From a quick internet search I found the Field Guides Association of Southern Africa (FGASA). So what is it that the FGASA does:
FGASA aims to promote a culture of professional guiding based on a strong ethical well-informed, safety conscious approach that provides the visitor to Southern Africa with a pleasant and memorable experience. From the FGASA website
FGASA essentially offers a wide variety of training and qualifications for different levels of guiding and preparation for various job descriptions. If you are more interested in FGASA and you would like to get involved please go to their website.
What FGASA is doing is great because it now allows you to ascertain the skill levels and qualifications of your guide on a standardised and public level.
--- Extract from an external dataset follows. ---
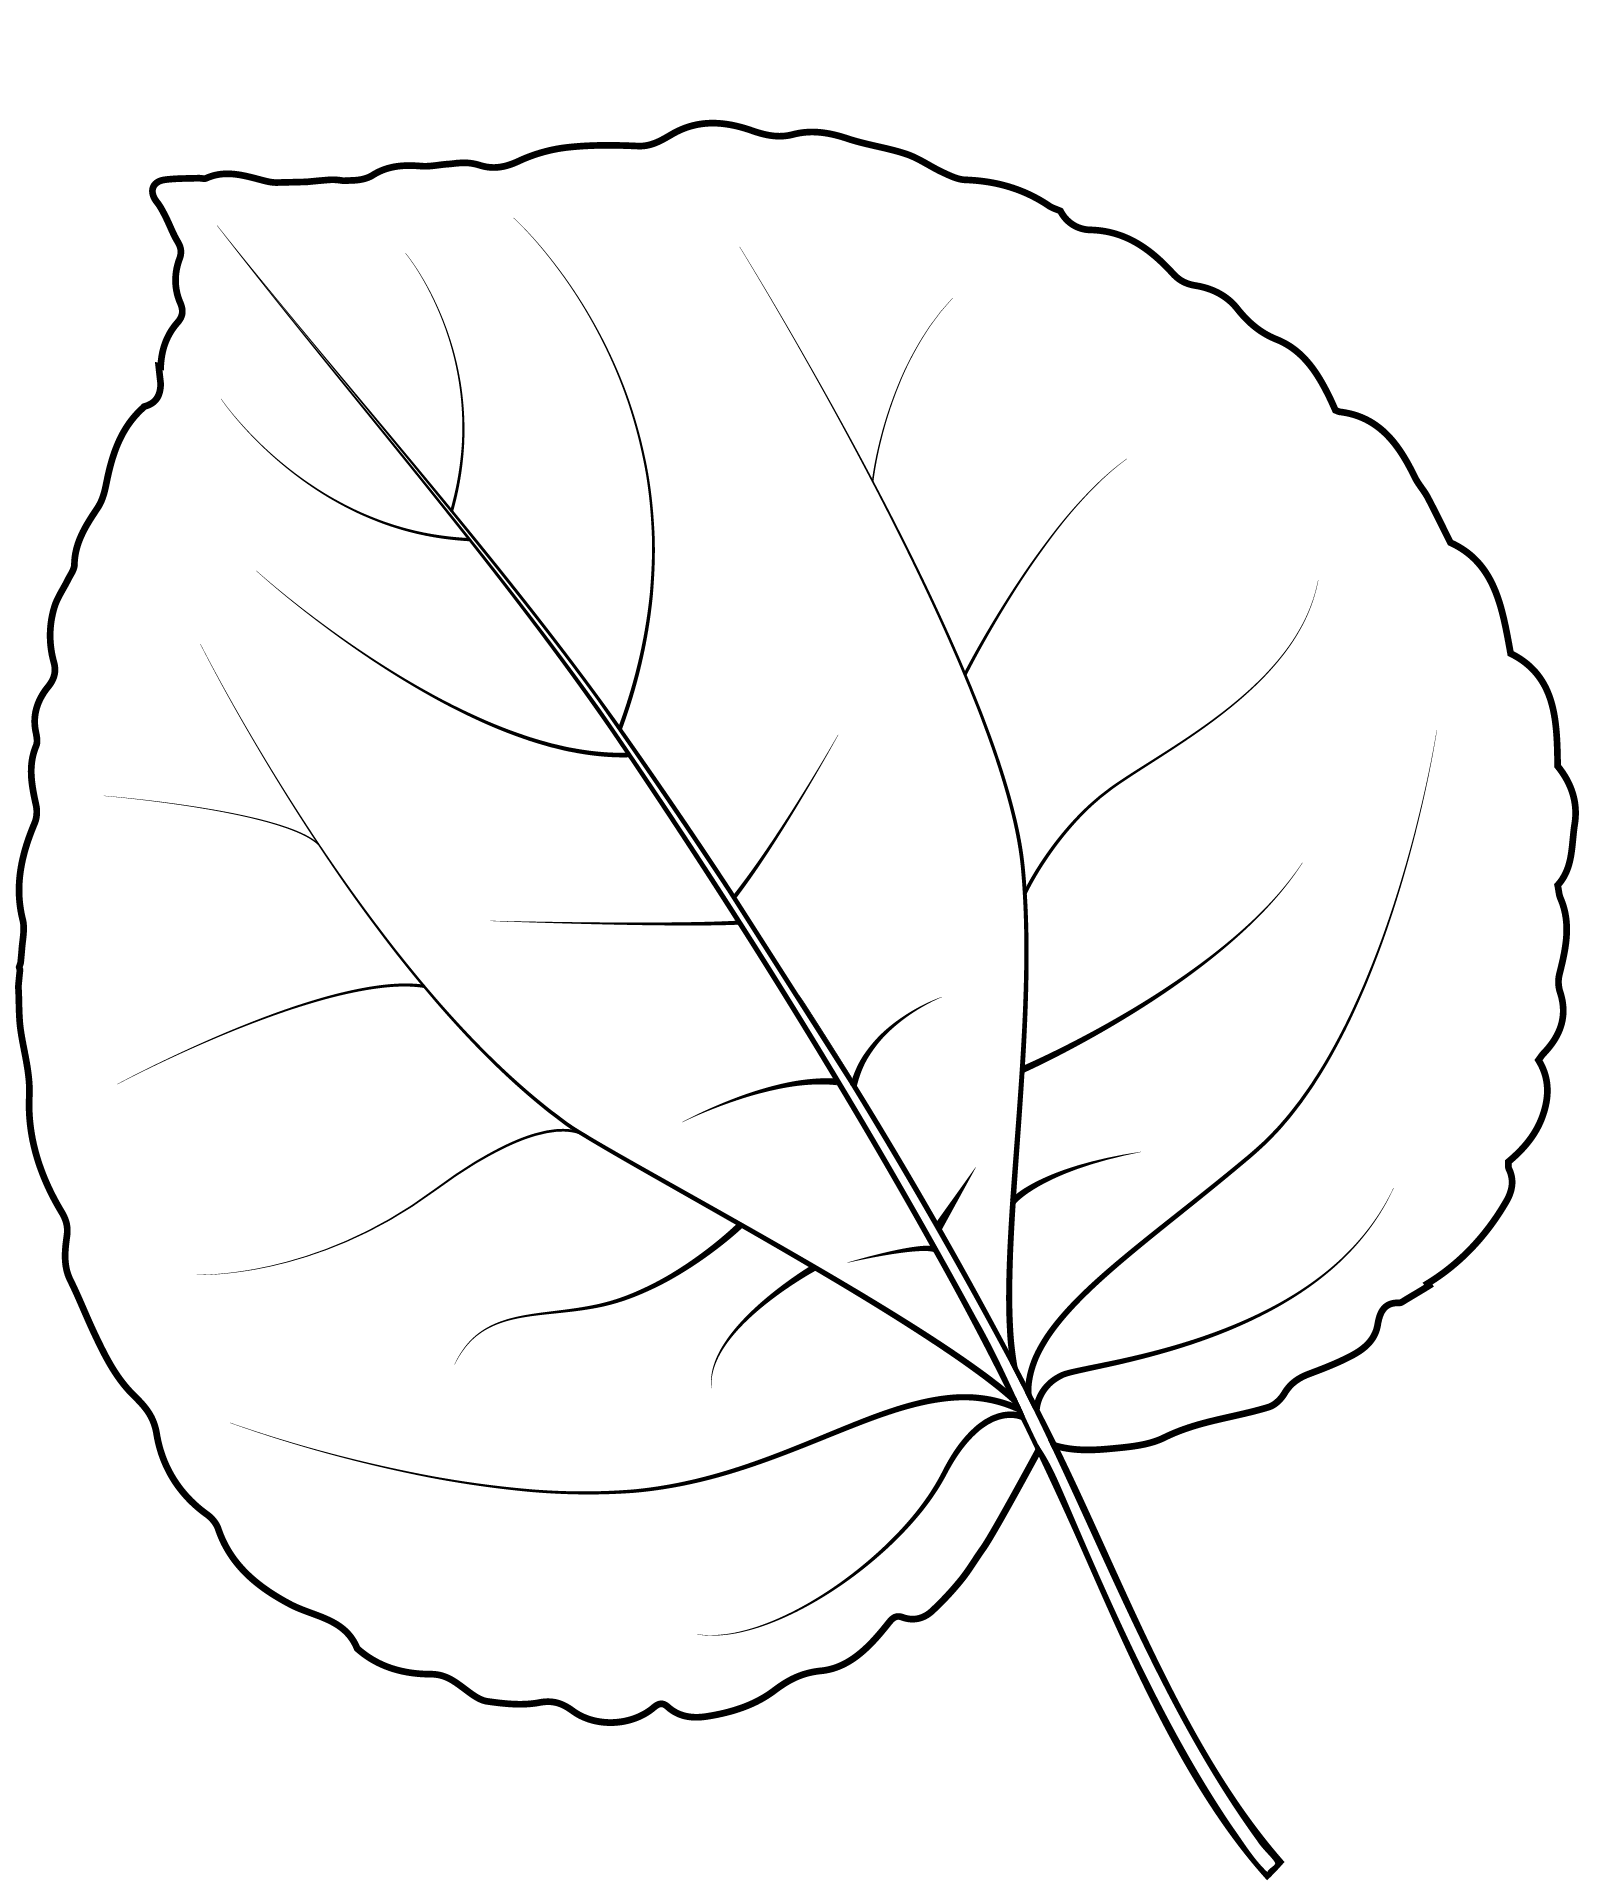 Katsura Tree Leaf

It allows you to research and determine if you are actually putting yourself at more risk than necessary. Just because a guide is qualified with FGASA it does not mean you will be 100% safe but at least you know they have done the various training that should equip the guide for most scenarios. The concern then becomes what about those guides that are not qualified with an affiliation such as the FGASA! The second thing to consider is what kind of qualification does FGASA provide? It is good to see such an organisation but what are the alternatives. Are there better organisations, are there worse organisations where they just push guides through for numbers not ability? This is the kind of concern that one would need to inspect and I am sure in future posts we will address this issue.
What can we draw from all this information? Is it crazy to feel the need to research and determine the qualifications of guides and instructors prior to signing up for an activity? There is more than enough evidence when you look around to support the fact that these guided activities are not as safe as the companies would like to present them as. Just a quick Google search brings up a number incidents where tourists and guides have been hurt or killed by animals, and just as quickly you can find stories from around the world where bungee jumps have gone wrong from snapping ropes to broken necks. The same holds water for the other activities above.
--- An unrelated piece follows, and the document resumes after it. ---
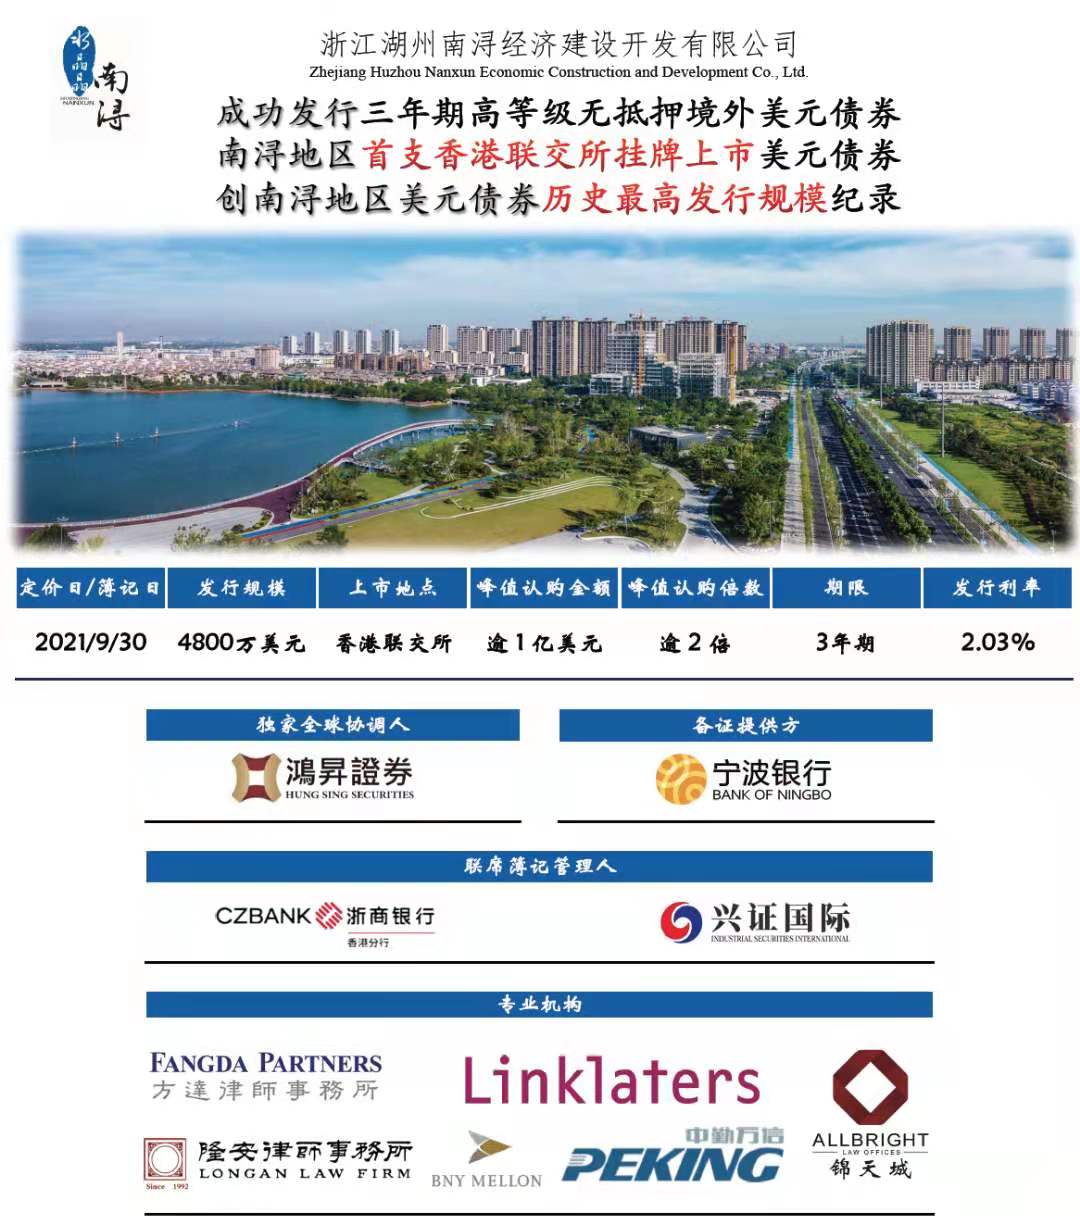 2021 - 浙江湖州南潯經濟建設開發有限公司 - 獨家全球協調人

I would like to ask anyone who has a story where the guide or instructor turned out to be under trained and under equipped for the scenario to leave a comment explaining the situation, if you have a story where the guide was outstanding and very skilled let us know maybe this is the organisation we should be doing activities with? I would also like to prompt all those places such as game reserves and adventure activity companies to explain to us how we can trust their guides and instructors. More importantly I would like to ask companies offering such activities to start displaying these qualifications, and these standardised regulatory boards that ensure the guides and instructors are qualified. Help us your clients and customers to feel at ease with your instructors and guides!